Hier ging het ook fout: de cassatieadvocaten stelden te laat cassatieberoep in, en trokken toen hun beroep maar in. Vervolgens werden ze aansprakelijk gesteld en gedagvaard, en bij de rechtbank en het hof namen ze het standpunt in dat het cassatieberoep uiteindelijk toch niet veel zou hebben geholpen. In dit cassatieberoep herhaalt de Hoge Raad de maatstaf die erop neerkomt dat de rechter in zo’n procedure over beroepsaansprakelijkheid moet inschatten waartoe een geldig cassatieberoep zou hebben geleid, bij de Hoge Raad en (in geval een geldig cassatieberoep tot vernietiging zou hebben geleid) vervolgens na verwijzing door de Hoge Raad:
“In een geval waarin een advocaat wordt verweten dat hij niet tijdig een vordering of een rechtsmiddel heeft ingesteld moet, voor de beantwoording van de vraag of, en zo ja, in welke mate, de cliënt als gevolg van die fout schade heeft geleden, in beginsel worden beoordeeld hoe op de vordering of het rechtsmiddel had behoren te worden beslist, althans moet het te dier zake toewijsbare bedrag worden geschat aan de hand van de goede en kwade kansen die de cliënt zou hebben gehad indien de vordering of het rechtsmiddel tijdig zou zijn ingesteld (vgl. HR 24 oktober 1997, ECLI:NL:HR:1997:AM1905, NJ 1998/257 en HR 11 december 2009, ECLI:NL:HR:2009:BK0859, NJ 2010/3).

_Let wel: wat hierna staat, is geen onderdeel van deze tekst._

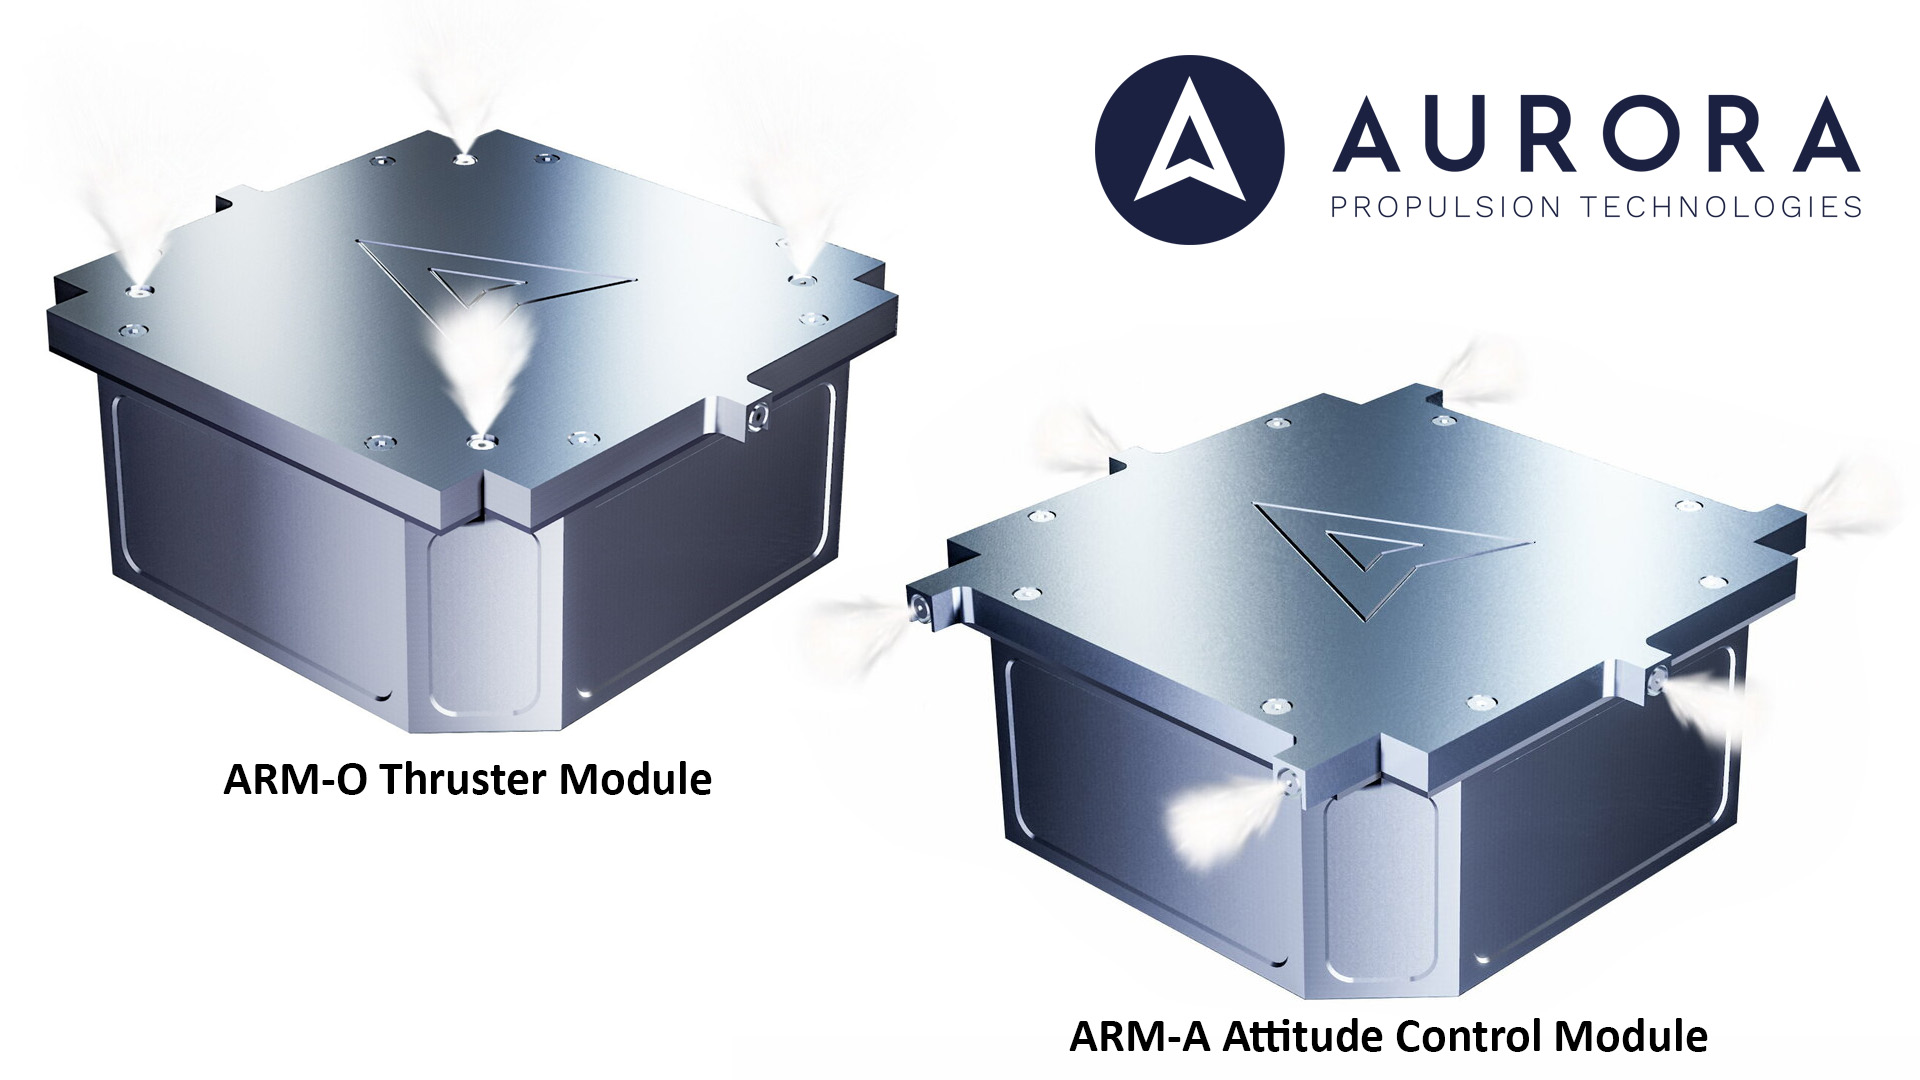 ResistoJet ARM-O and ARM-A modules from Aurora Propulsion

De rechter dient bij de hiervoor bedoelde beoordelingen uit te gaan van de stand van de rechtsontwikkeling op het moment waarop – de beroepsfout weggedacht – over de vordering of het rechtsmiddel zou zijn geoordeeld.

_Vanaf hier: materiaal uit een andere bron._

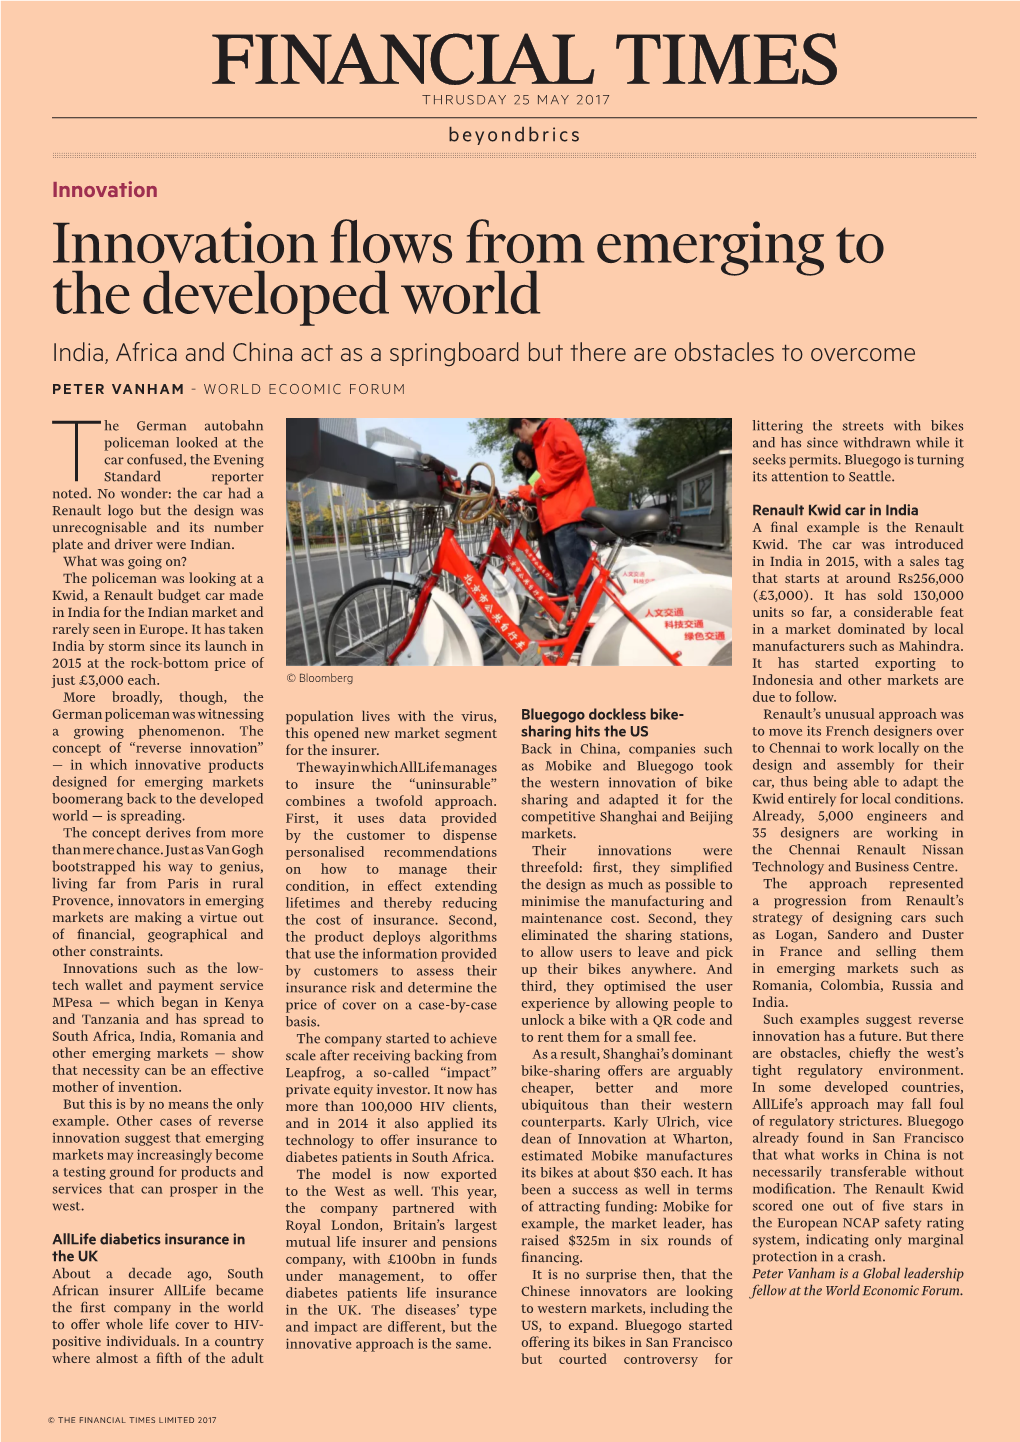 Innovation Flows from Emerging to the Developed World

Geen andere maatstaf geldt indien, zoals in het onderhavige geval, sprake is van een te laat ingesteld cassatieberoep. Het gaat dan erom of dit beroep tot vernietiging zou hebben geleid en, zo ja, hoe na verwijzing over de zaak zou zijn geoordeeld (vgl. HR 23 februari 2001, ECLI:NL:HR:2001:AB0199, NJ 2001/431, rov. 3.5).”
Geen andere maatstaf voor “roekeloos”
In deze zaak had het hof terecht gemeend, aldus de Hoge Raad, dat cassatieberoep wel degelijk zin zou hebben gehad. De cassatieadvocaten hadden (nu) betoogd dat de hiervóór aangehaalde maatstaf voor “roekeloos” (waarop zij zich anders in cassatie hadden beroepen) niet voldoet in gevallen waarin sprake is van een vaststaand gevaar, bijvoorbeeld in gevallen van schade door het gebruik van een ondeugdelijk vervoermiddel. Daar gaat de Hoge Raad niet in mee:
“De zojuist vermelde maatstaf […] is sedertdien immers – ook nadat zou zijn beslist in het cassatieberoep tegen het [betrokkene 1] -arrest – diverse malen bevestigd (zie onder meer HR 11 oktober 2002, ECLI:NL:HR:2002:AE2120, NJ 2002/598, HR 29 mei 2009, ECLI:NL:HR:2009:BH4041, NJ 2009/245 en HR 10 augustus 2012, ECLI:NL:HR:2012:BW6747, NJ 2012/652), zonder dat daarbij een onderscheid is gemaakt als door het onderdeel wordt bepleit.”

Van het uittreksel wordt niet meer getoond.